DATA -
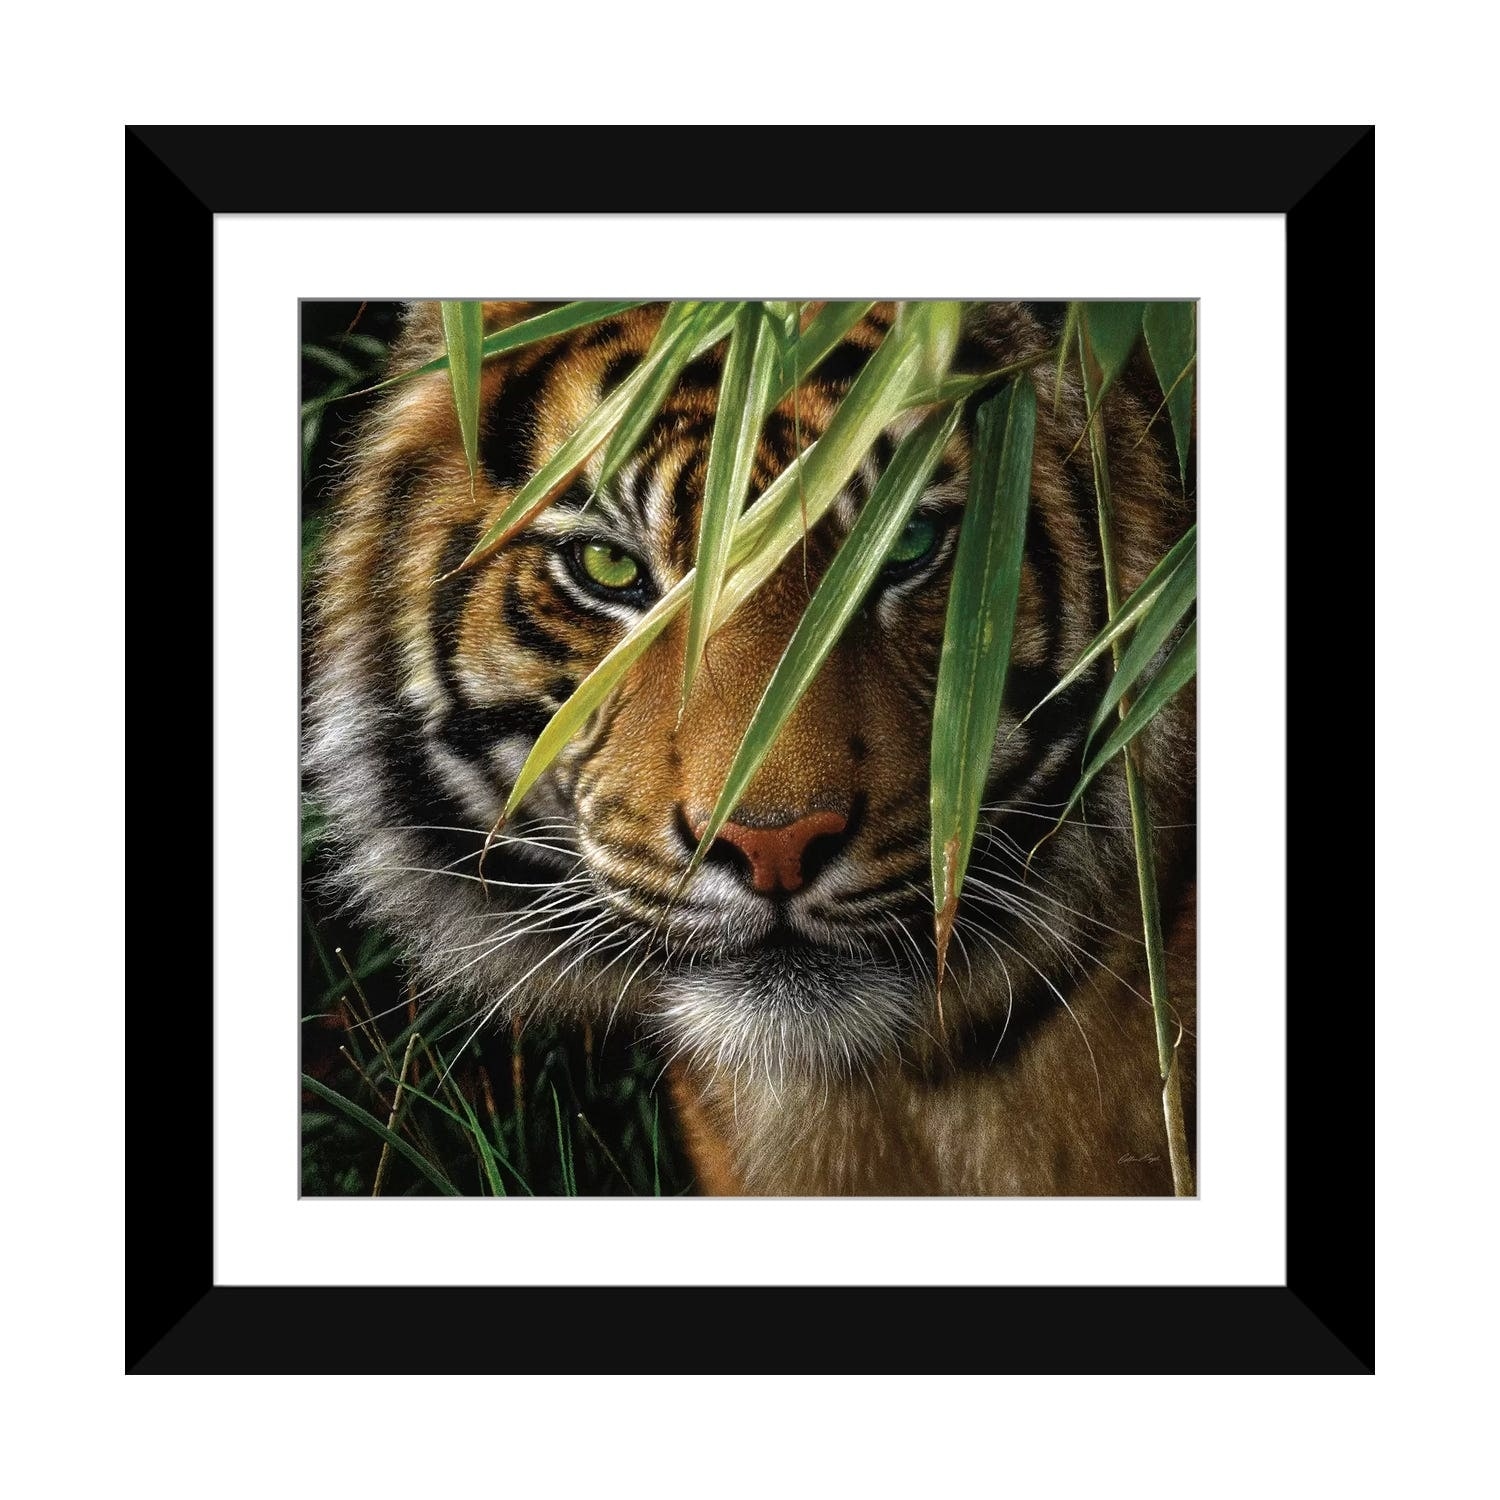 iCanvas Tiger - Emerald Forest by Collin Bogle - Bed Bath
---
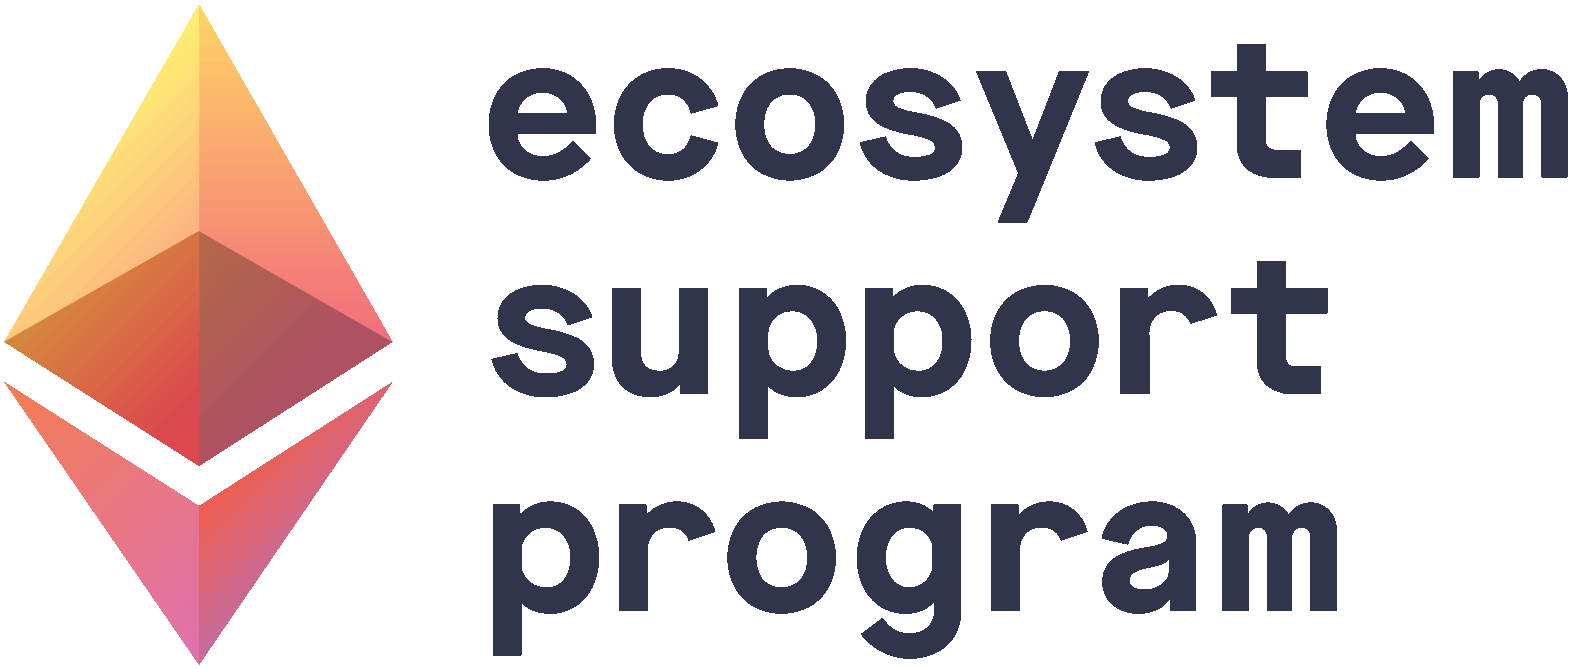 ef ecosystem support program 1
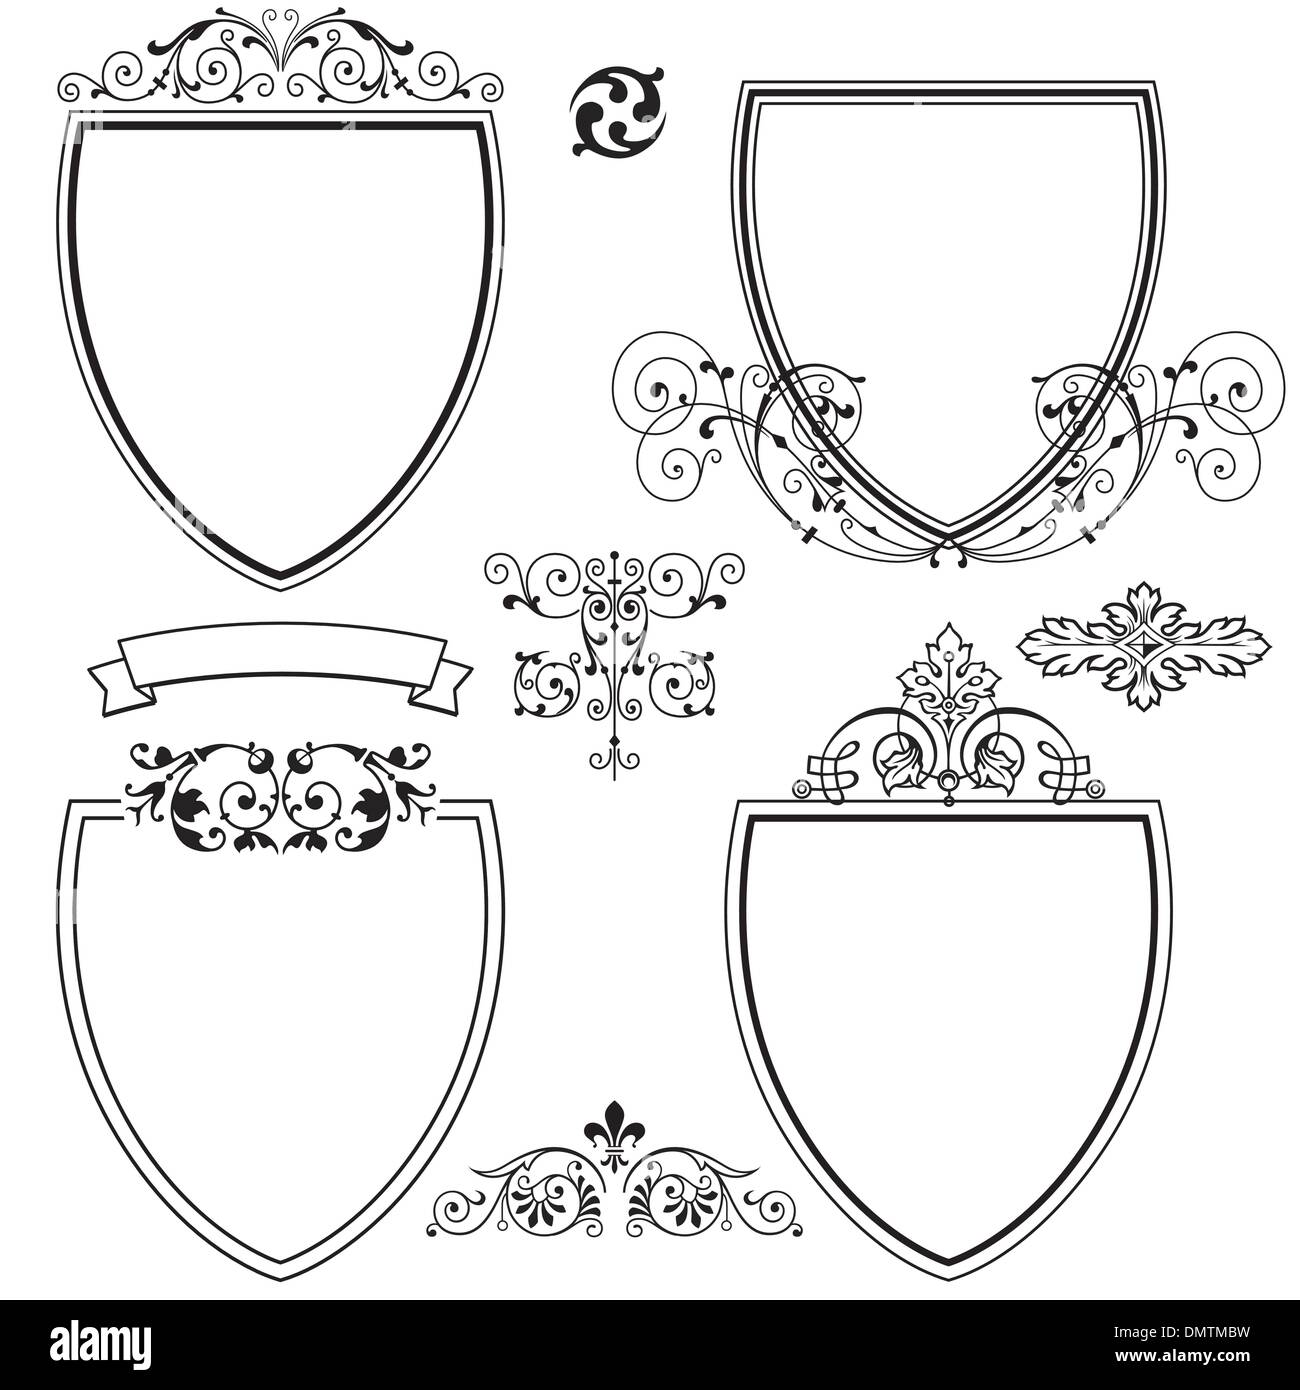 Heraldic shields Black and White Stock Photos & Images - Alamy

EXERCISE REQUIREMENTS - Your copy should hold the lines from the one with "ef ecosystem support program 1" up to and including the one with "Heraldic shields Black", exactly as in the data above, and no pictures.

THE COMPLETED TASK -
 ef ecosystem support program 1
 Heraldic shields Black and White Stock Photos & Images - Alamy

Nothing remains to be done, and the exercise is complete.